◆ Exercise instructions:
What you write should be an exact repeat of the lines from the one with "Jimmy Buffet Party" through the final line below, minus the pictures.

◆ Data shown:
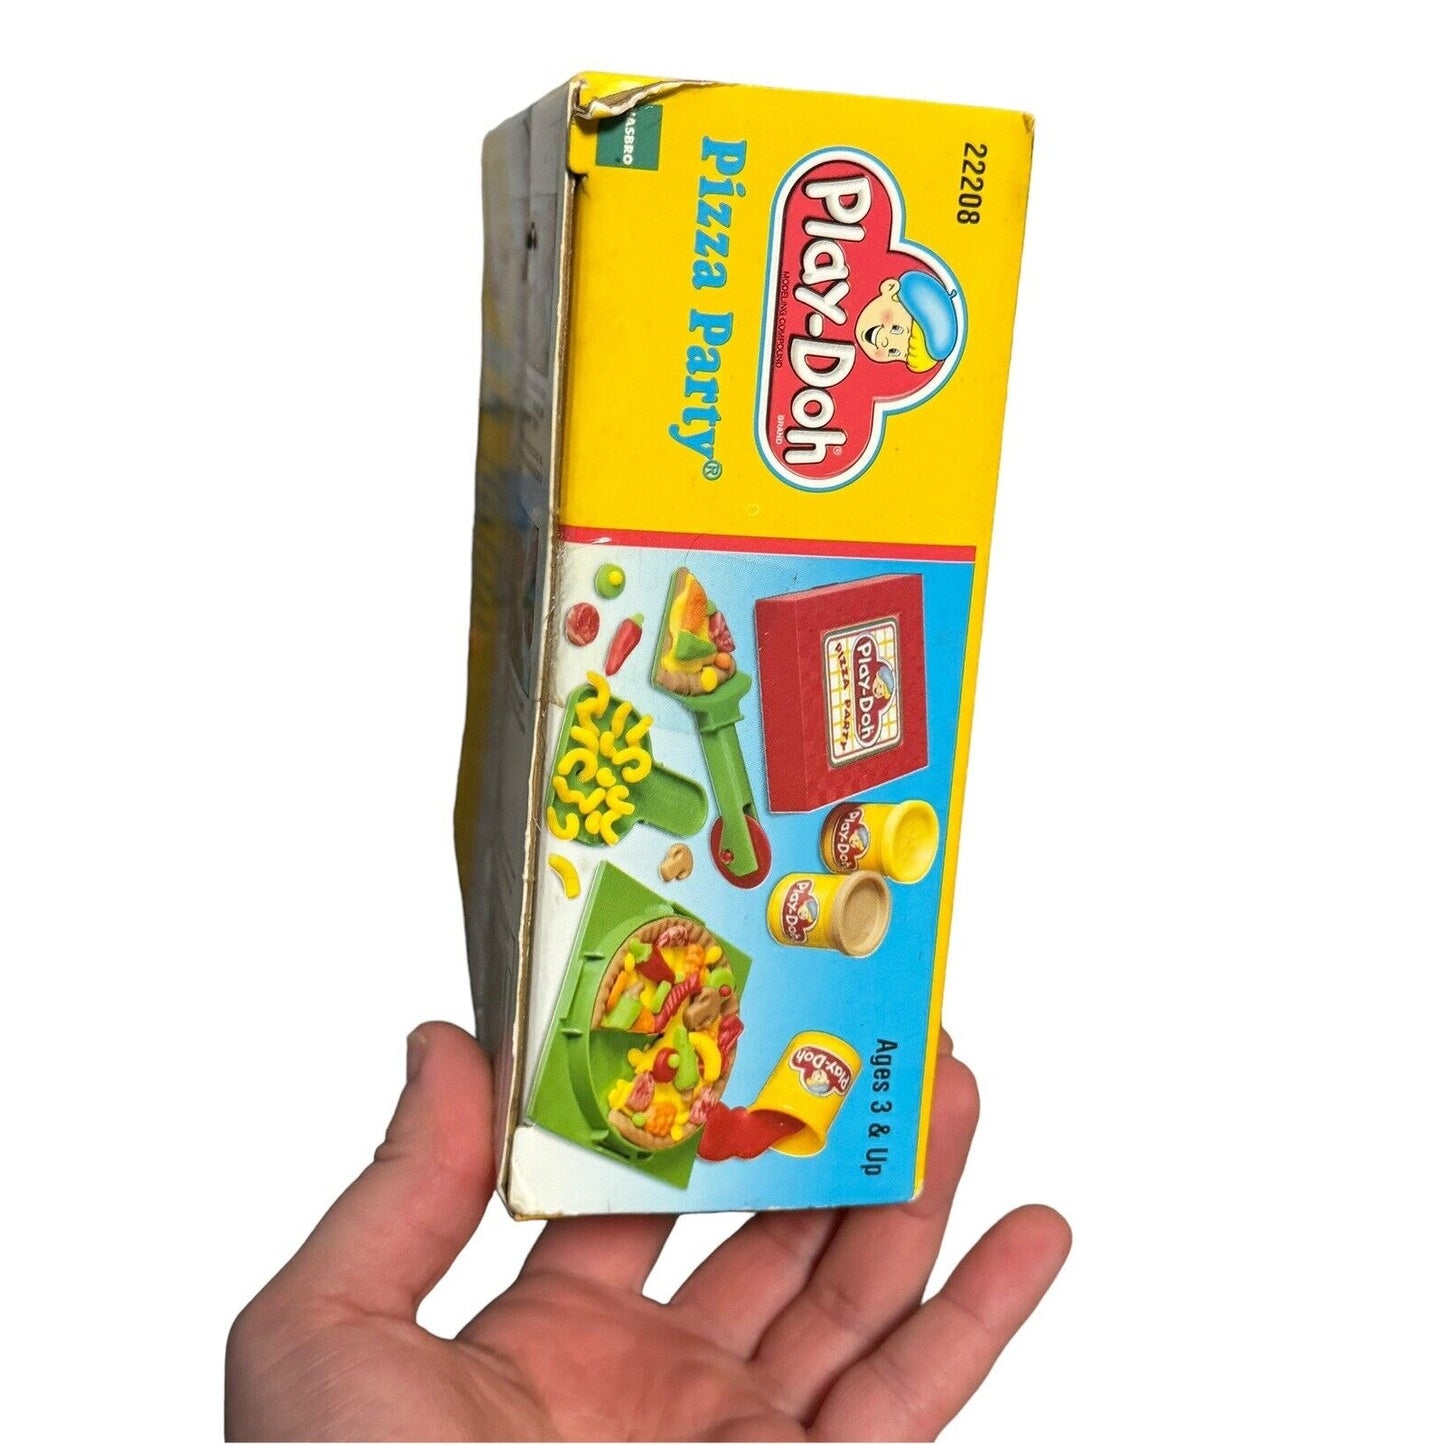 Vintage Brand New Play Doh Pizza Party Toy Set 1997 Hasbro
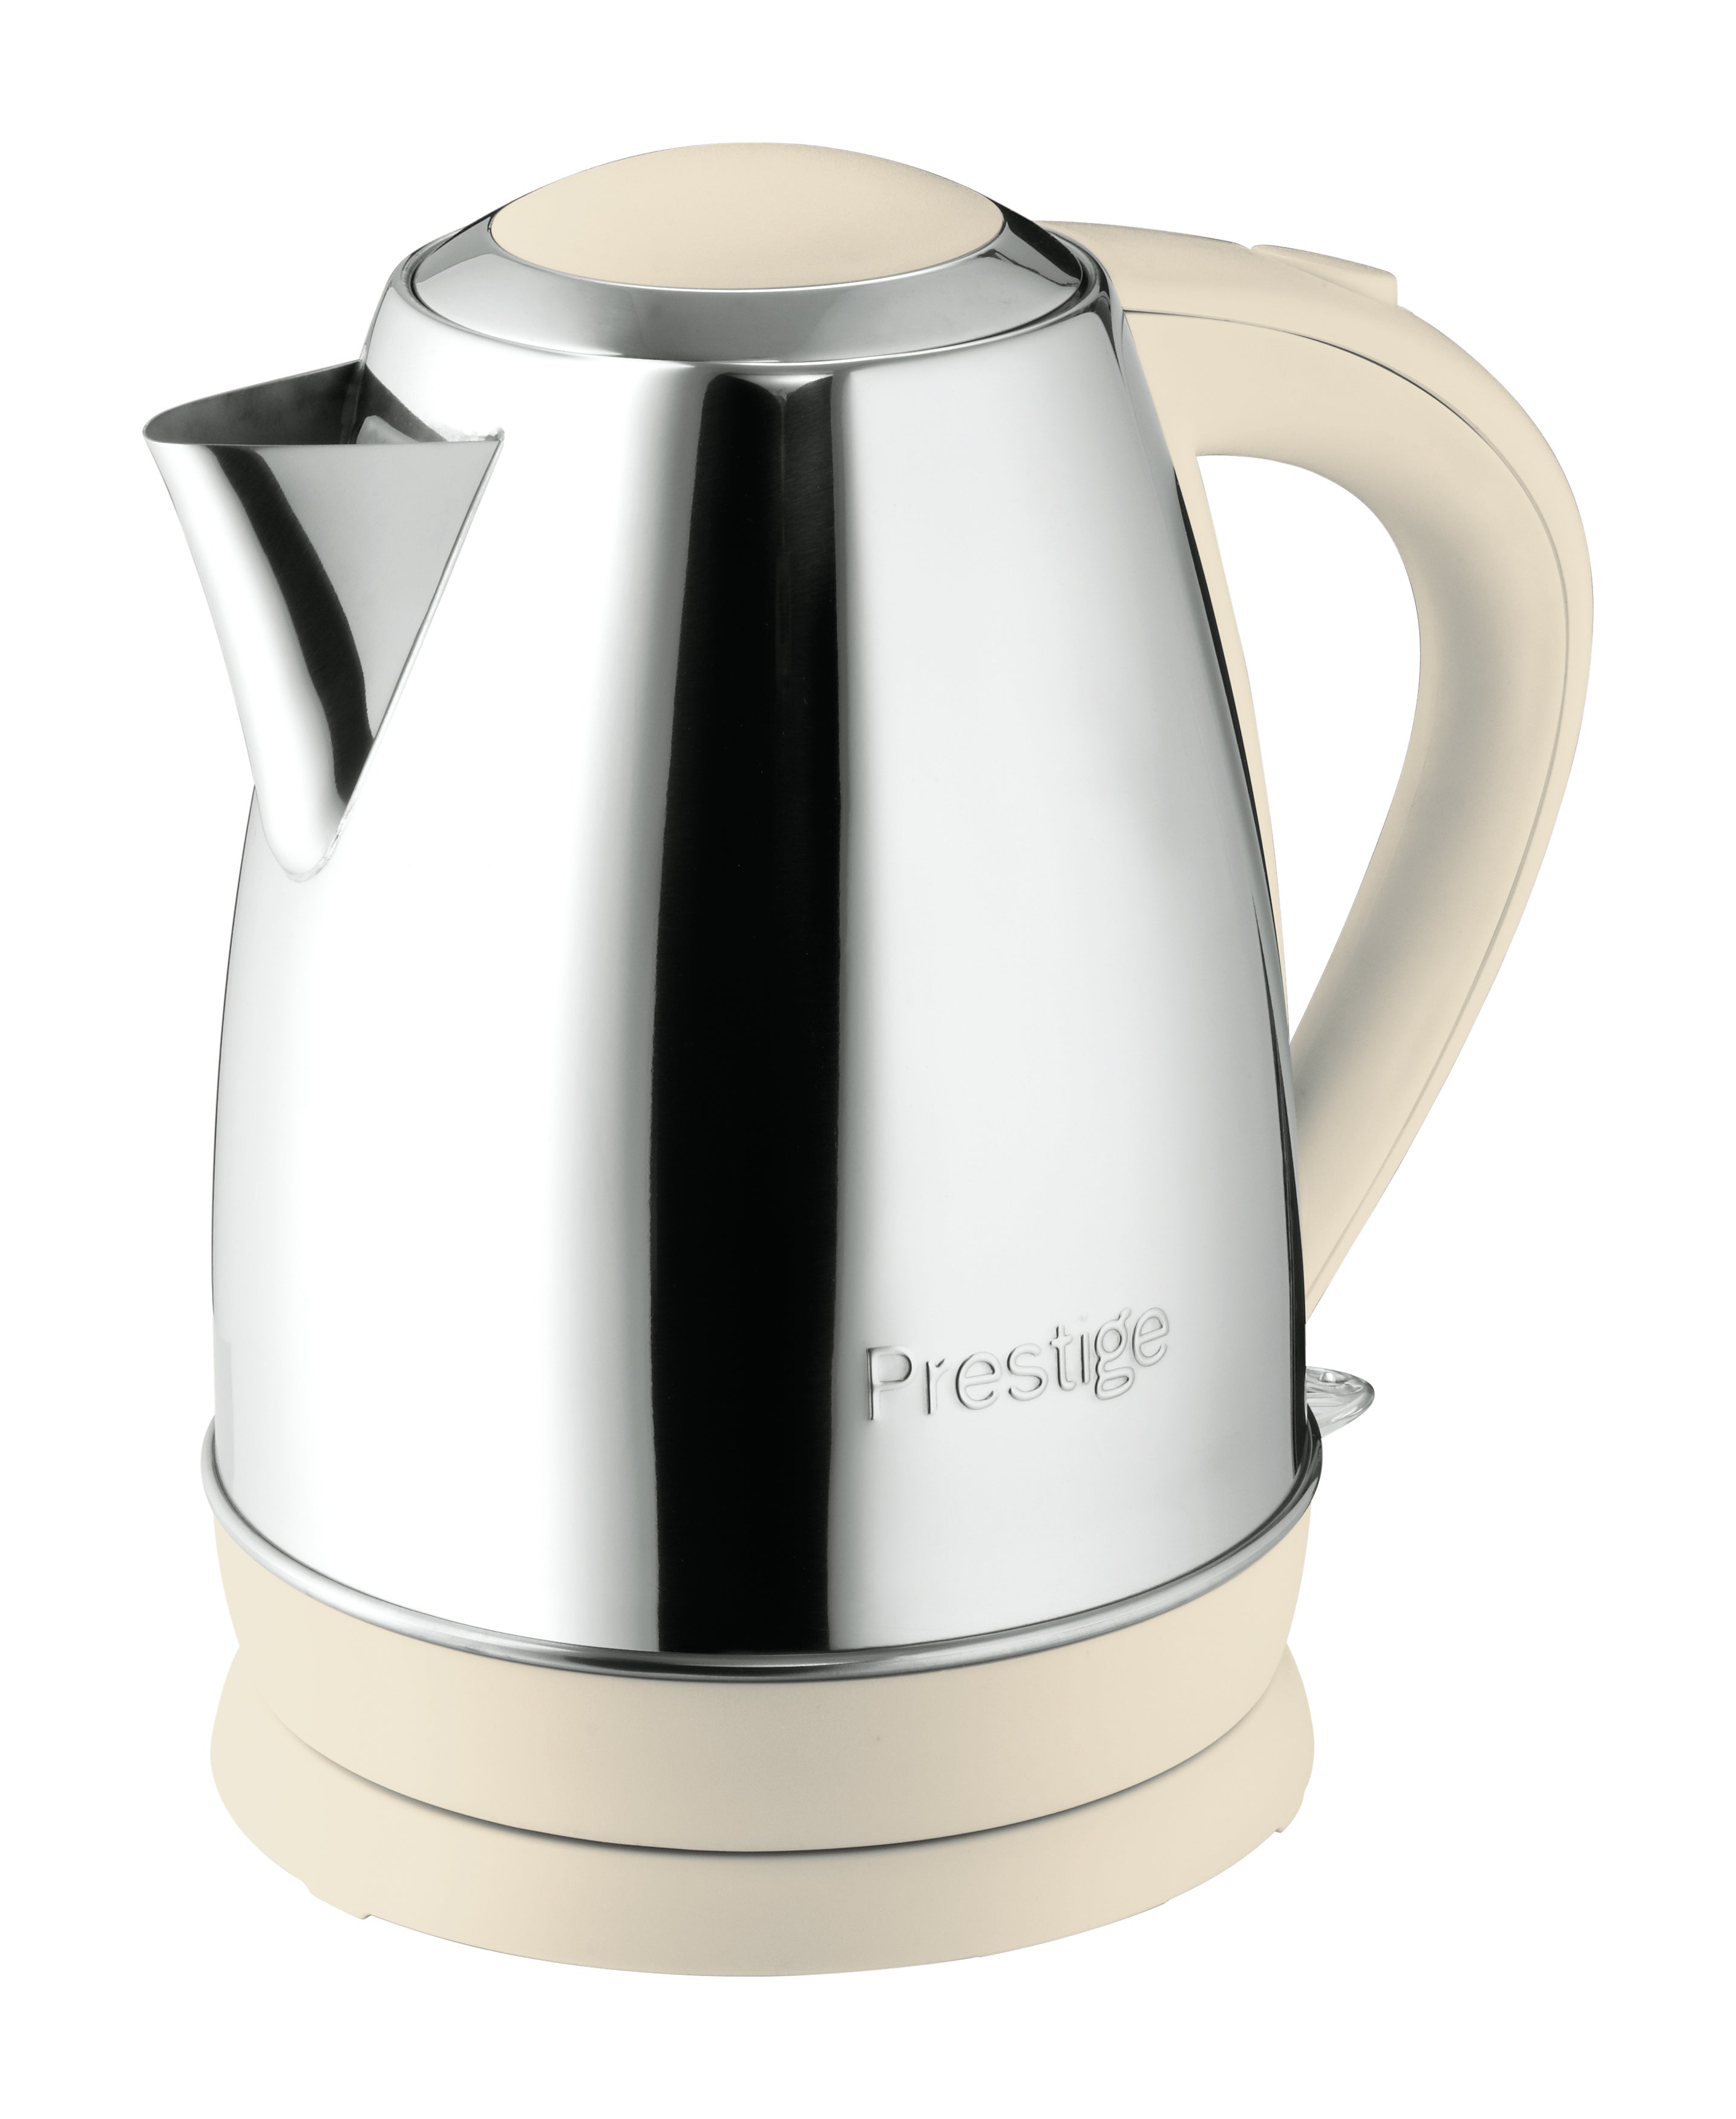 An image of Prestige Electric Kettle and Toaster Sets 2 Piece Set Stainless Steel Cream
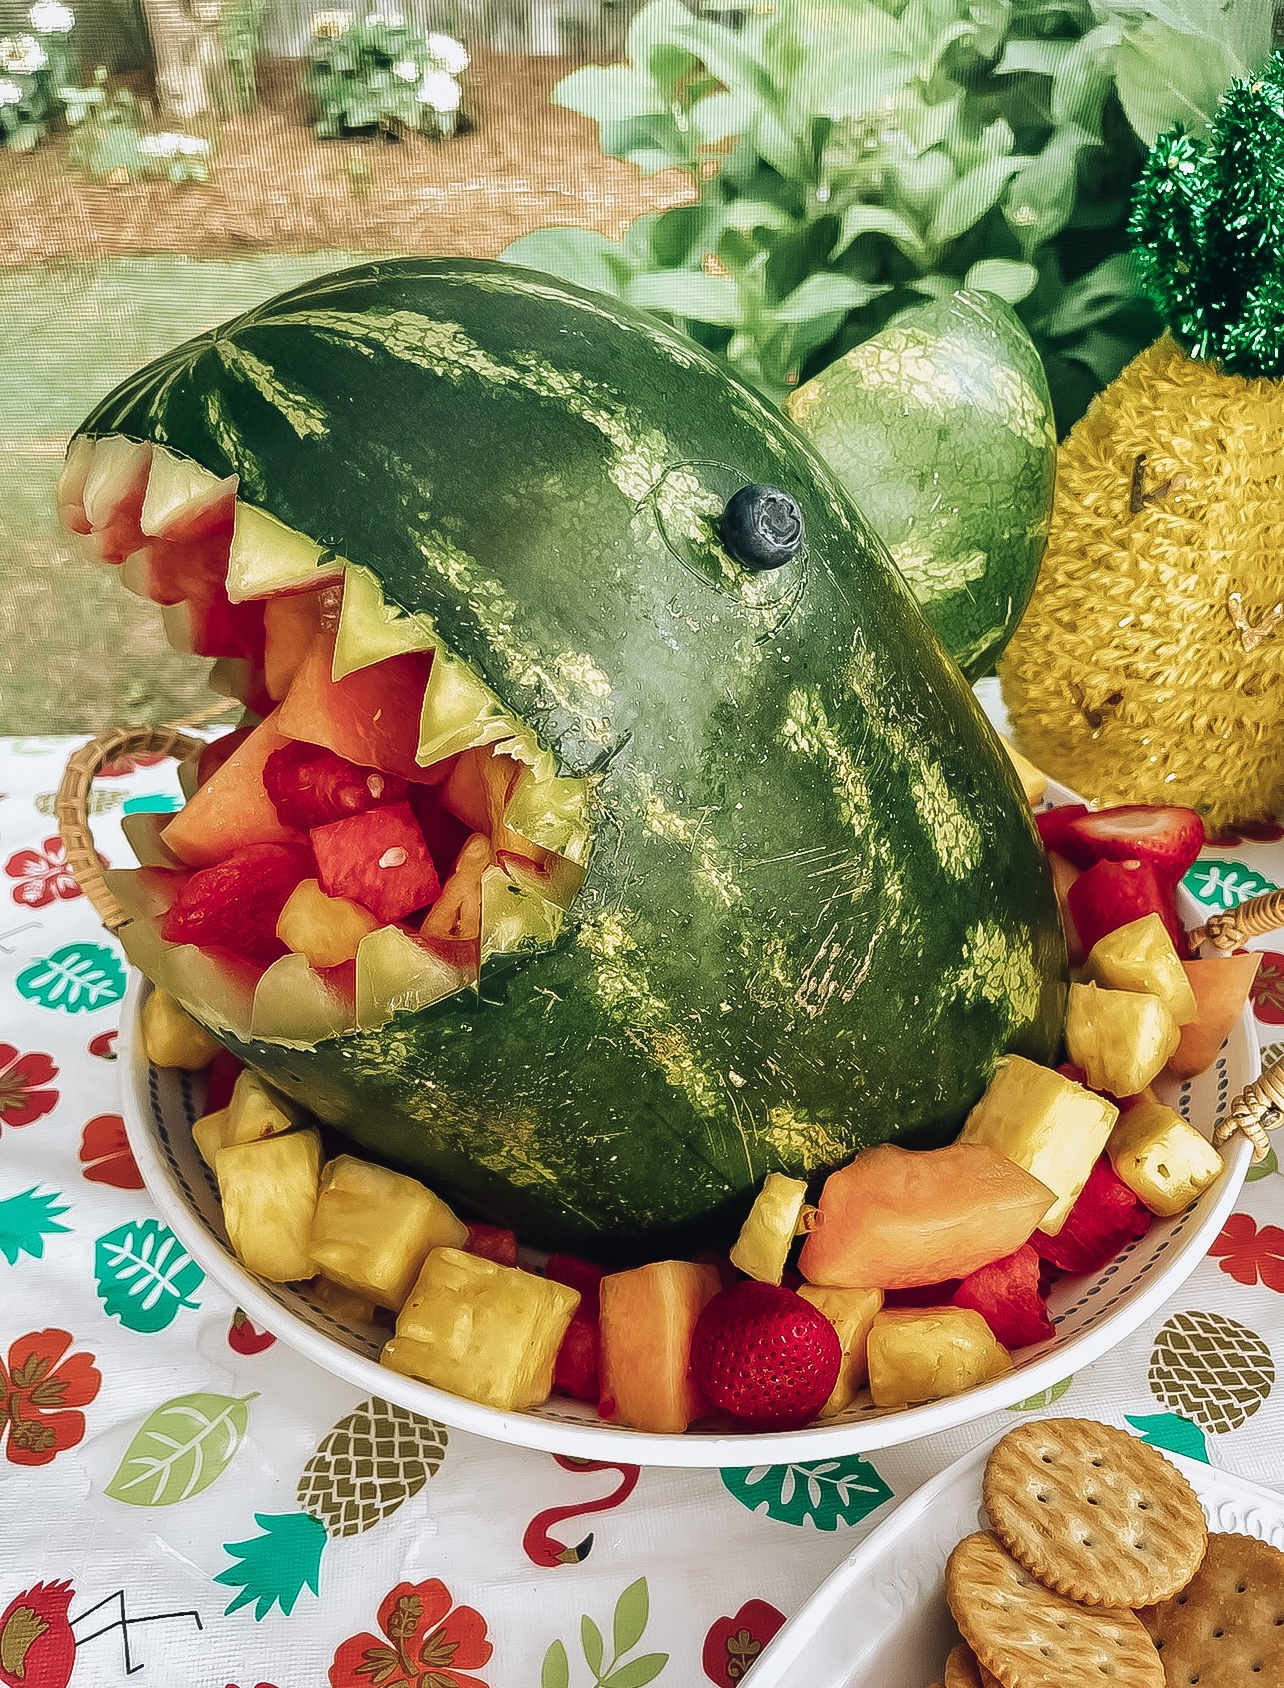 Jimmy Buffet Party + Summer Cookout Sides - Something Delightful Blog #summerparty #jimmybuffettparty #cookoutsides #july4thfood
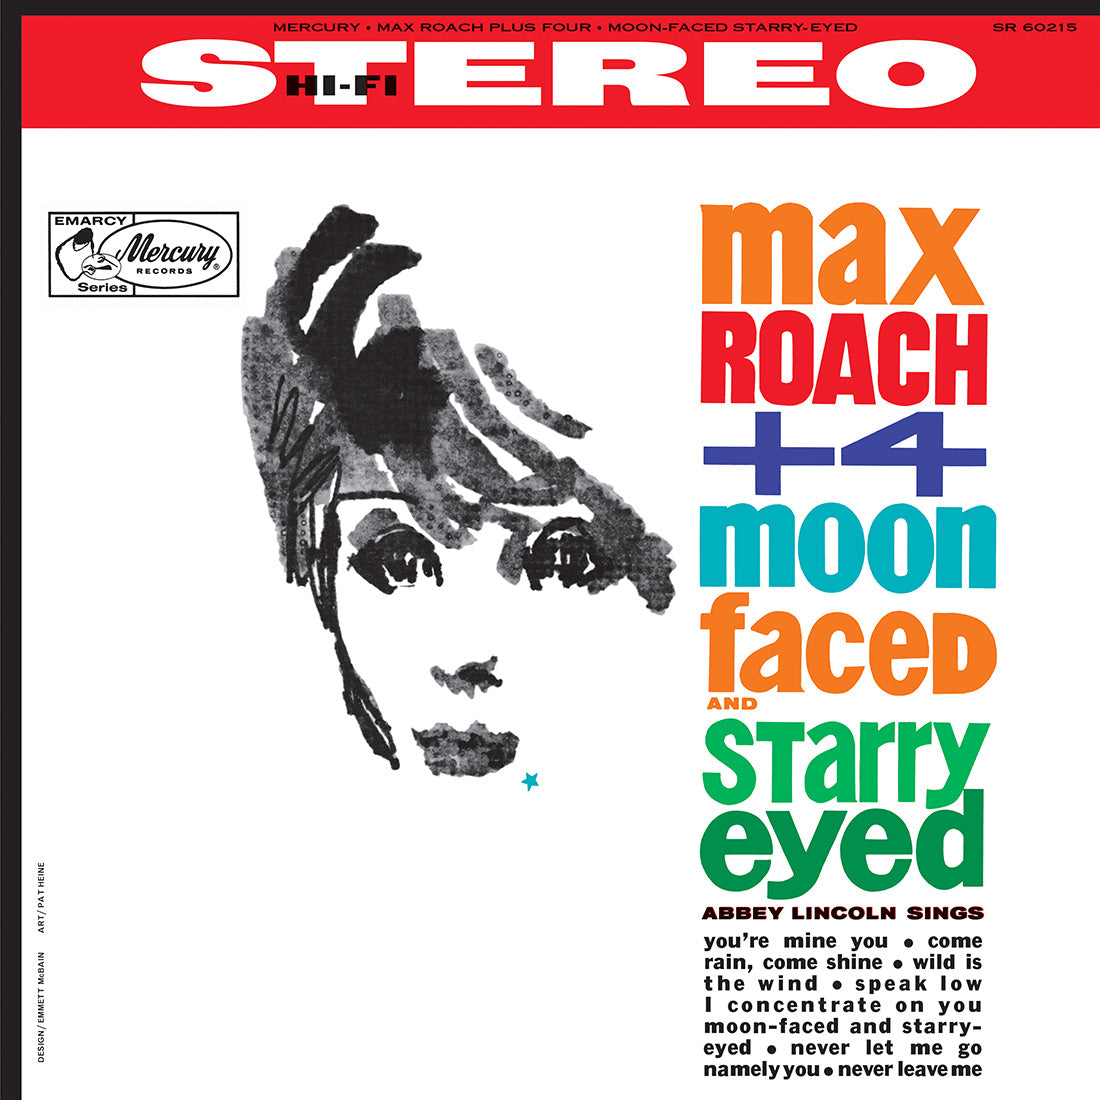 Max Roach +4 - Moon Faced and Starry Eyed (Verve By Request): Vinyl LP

◆ Written solution:
 Jimmy Buffet Party + Summer Cookout Sides - Something Delightful Blog #summerparty #jimmybuffettparty #cookoutsides #july4thfood
 Max Roach +4 - Moon Faced and Starry Eyed (Verve By Request): Vinyl LP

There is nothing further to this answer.